Burn back: If your oxygen cylinder is low or empty, reverse flow of gas may occur. The fuel gas, being at a higher pressure, can travel up the oxygen line and mix with gas in the hose, regulator and cylinder. If you light your torch without purging the lines, a burn back may occur with explosions in the hose, regulator, or cylinder.
Backfire: The same thing can happen with high oxygen pressure and low fuel gas pressure if a backfire occurs, which is usually caused by holding the cutting torch too close to your work. This causes gas starvation of the cutting flame and results in the flame being sucked into the torch head. Usually you will hear a popping sound that turns to a whistle when this happens.
Flashback: When a backfire takes place in a mixing chamber, unless you shut off the oxygen valve, the flame burning in the torch head may ignite gases in the hoses and result in a flashback.
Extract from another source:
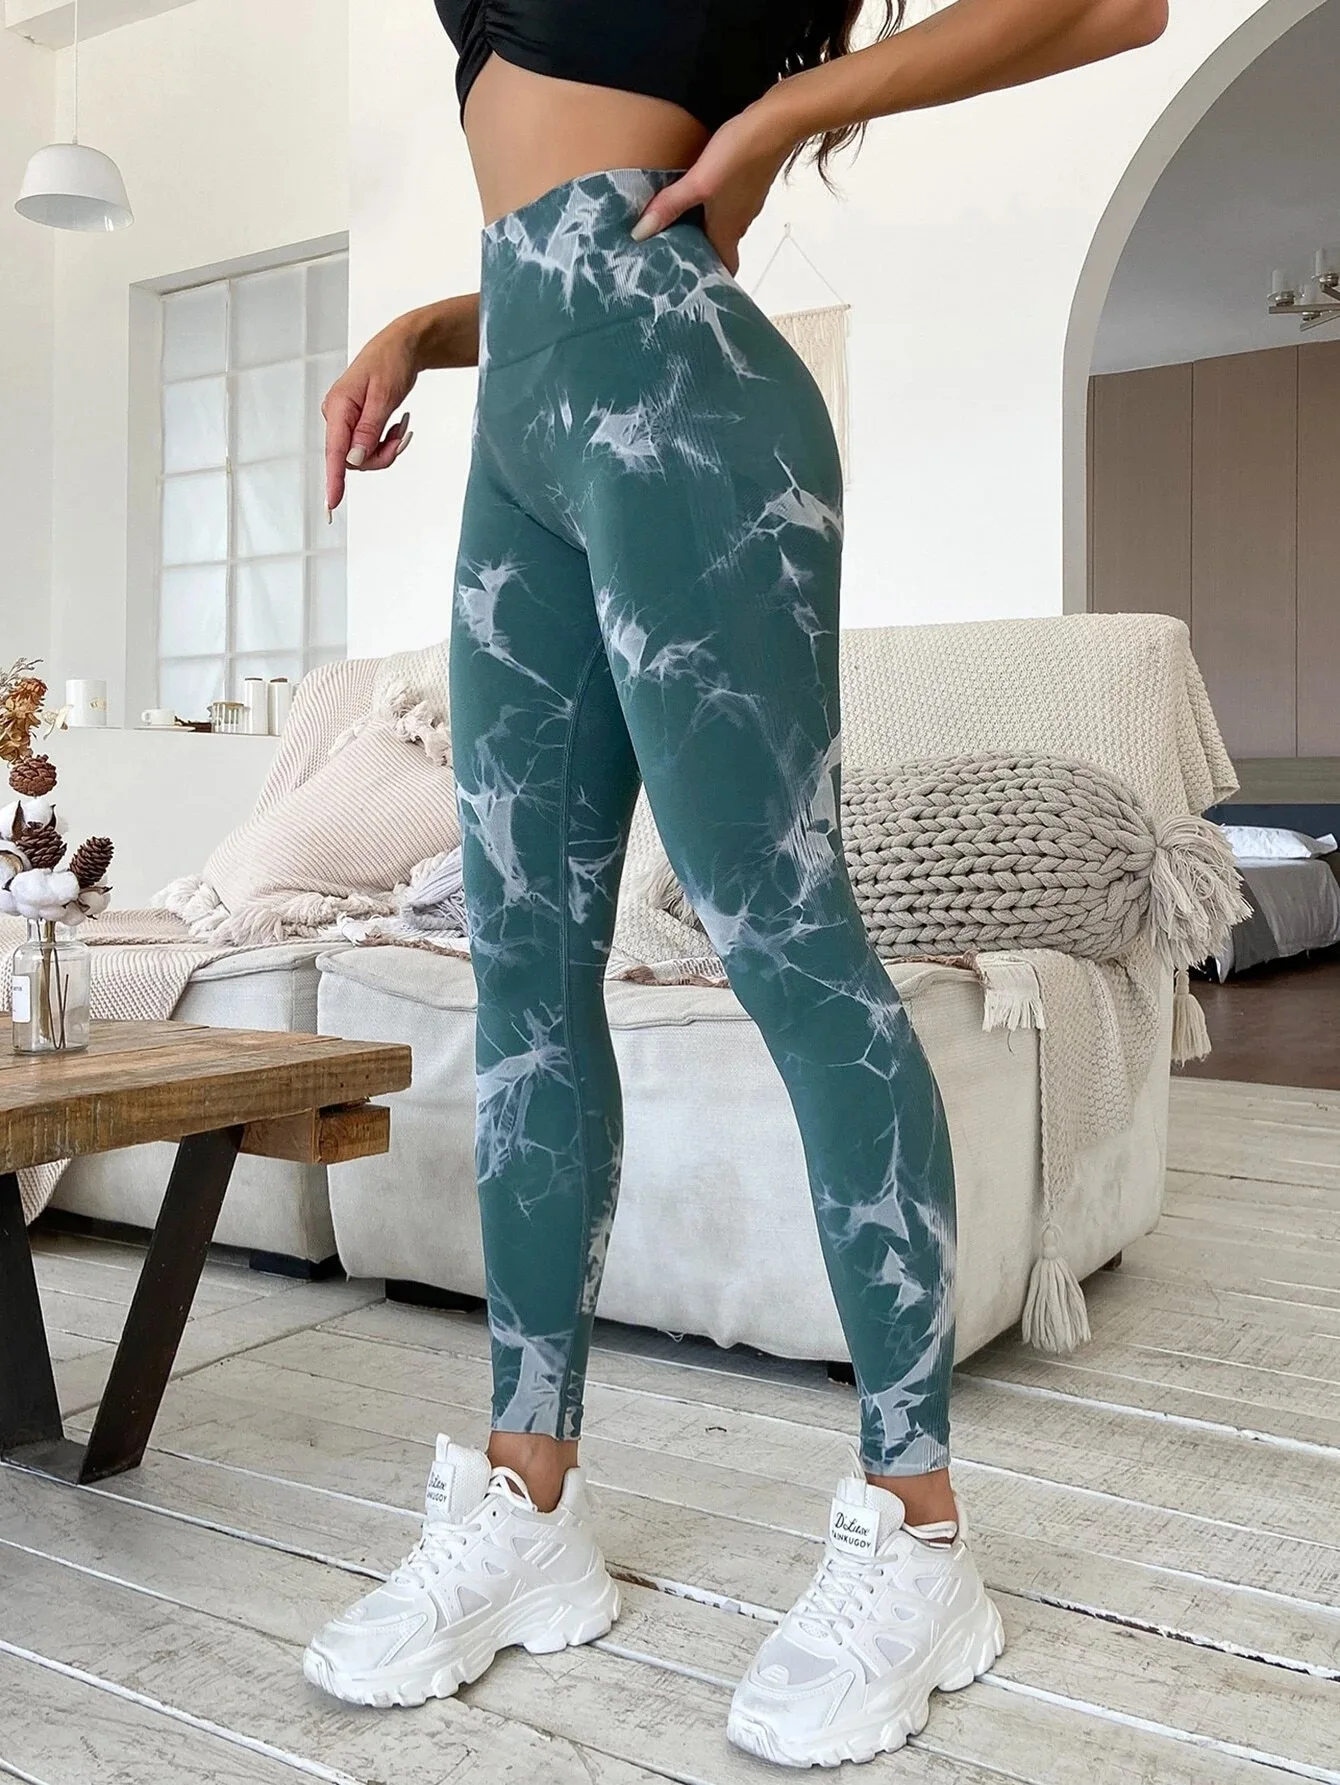 CHRLEISURE Seamless  Leggings Women  Tight Tie Dye Sports Pants High Waisted  Stomach Breathable  Leggings  Joggers Women aybl leggings
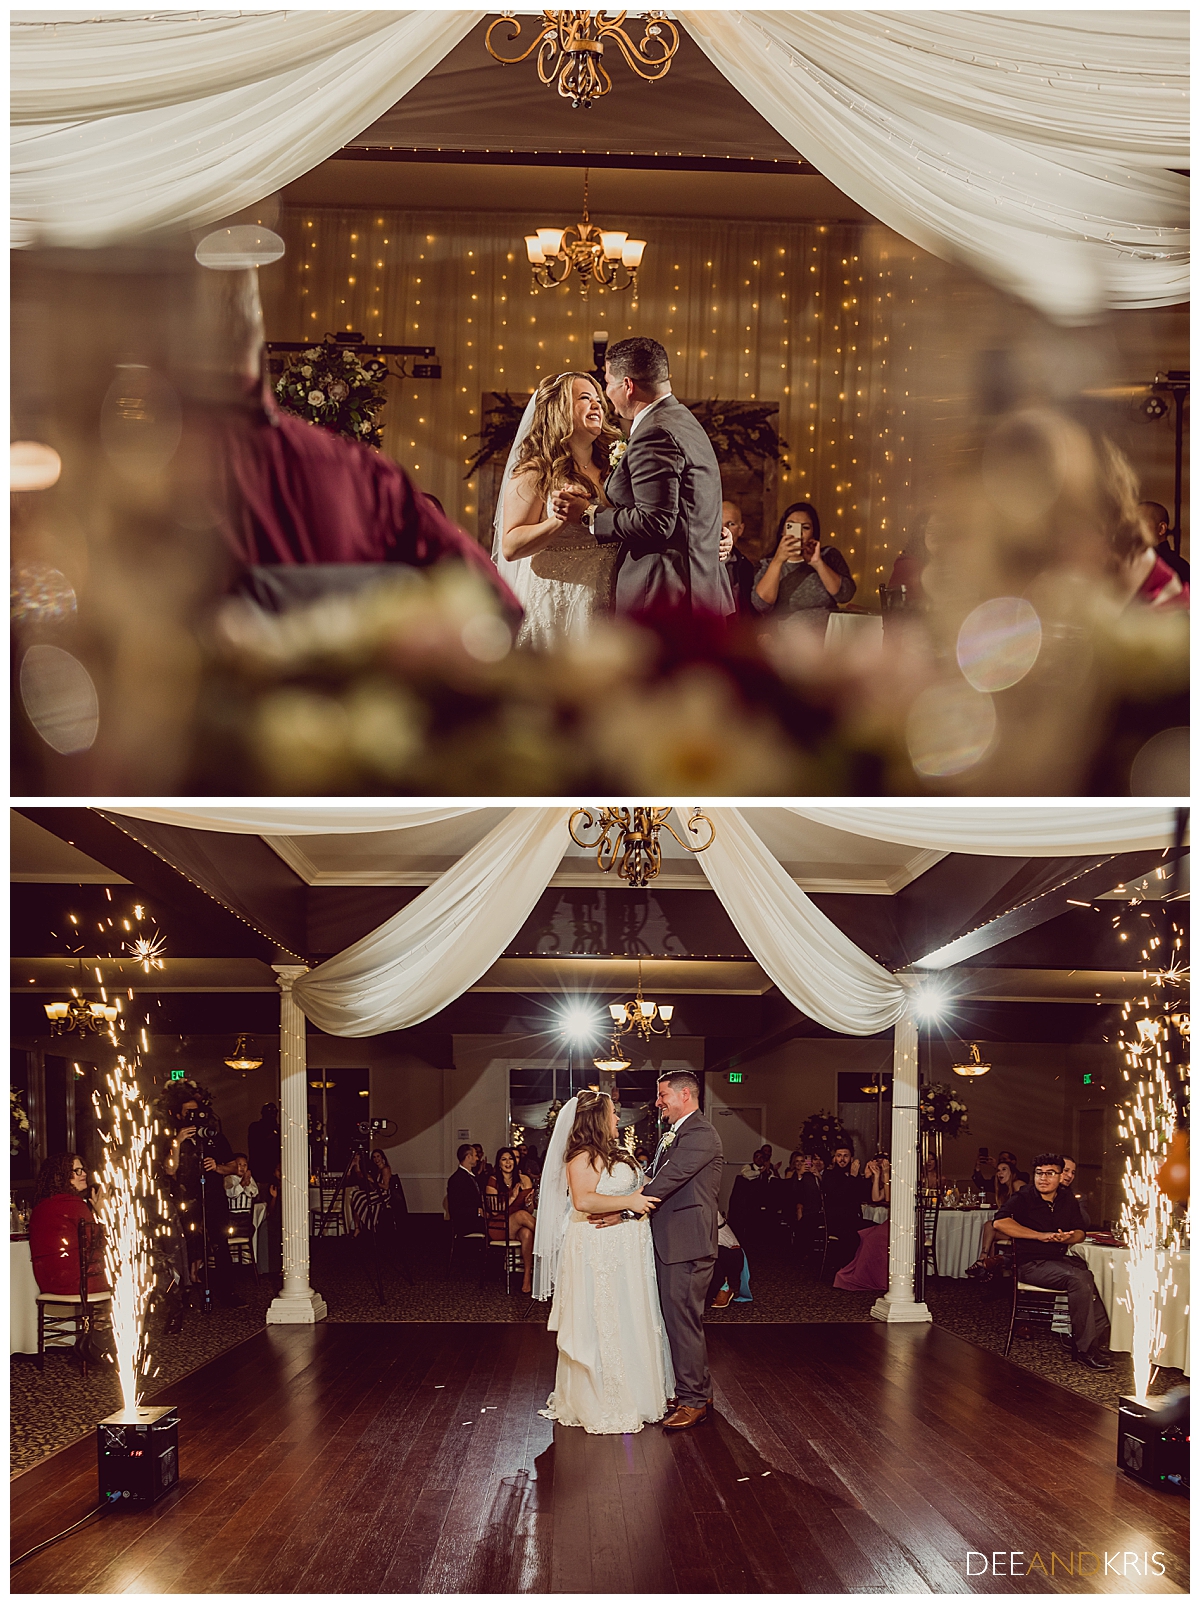 Two color images: top image of POV view from behind wine glasses watching bride and groom dance. Bottom image full shot bride and groom dancing with pyrotechnics on either side.

A flashback is an explosion that progresses through the torch, hoses, regulators, and into the cylinders. Consequence can range from a burst hose to a violent explosion of the regulator and cylinders.
There are several things you can do to help prevent flashbacks, fires and explosions:
1. If using acetylene, keep the pressure below 15 pounds.
2. Purge your hoses before lighting the torch.
3. Never light your torch with a mixture of fuel and oxygen. After purging the lines, light the torch with only the fuel gas valve open.
4. Check valves should be installed on both torch inlets and operating properly. Check valves can stop the reverse flow of gases, but will not prevent flashbacks.
5. To prevent flashbacks, flashback arrestors must be installed on the outlets of both regulators, and/or torch inlets.
Check The Torch: How can you tell if the torch you are using has flashback arrestors and check valves? If you look at the torch you will notice a small cylindrical valve on each inlet with the hoses screwed onto this valve instead of hooked directly to the torch. Most of these valves are combination flashback/check valves and will say so on the valve body. Often, combination valves are also installed on regulator outlets.
Before welding, take time to inspect the equipment you will be using to be sure check valves and flashback arrestors have been installed. This precaution can prevent a deadly cylinder explosion.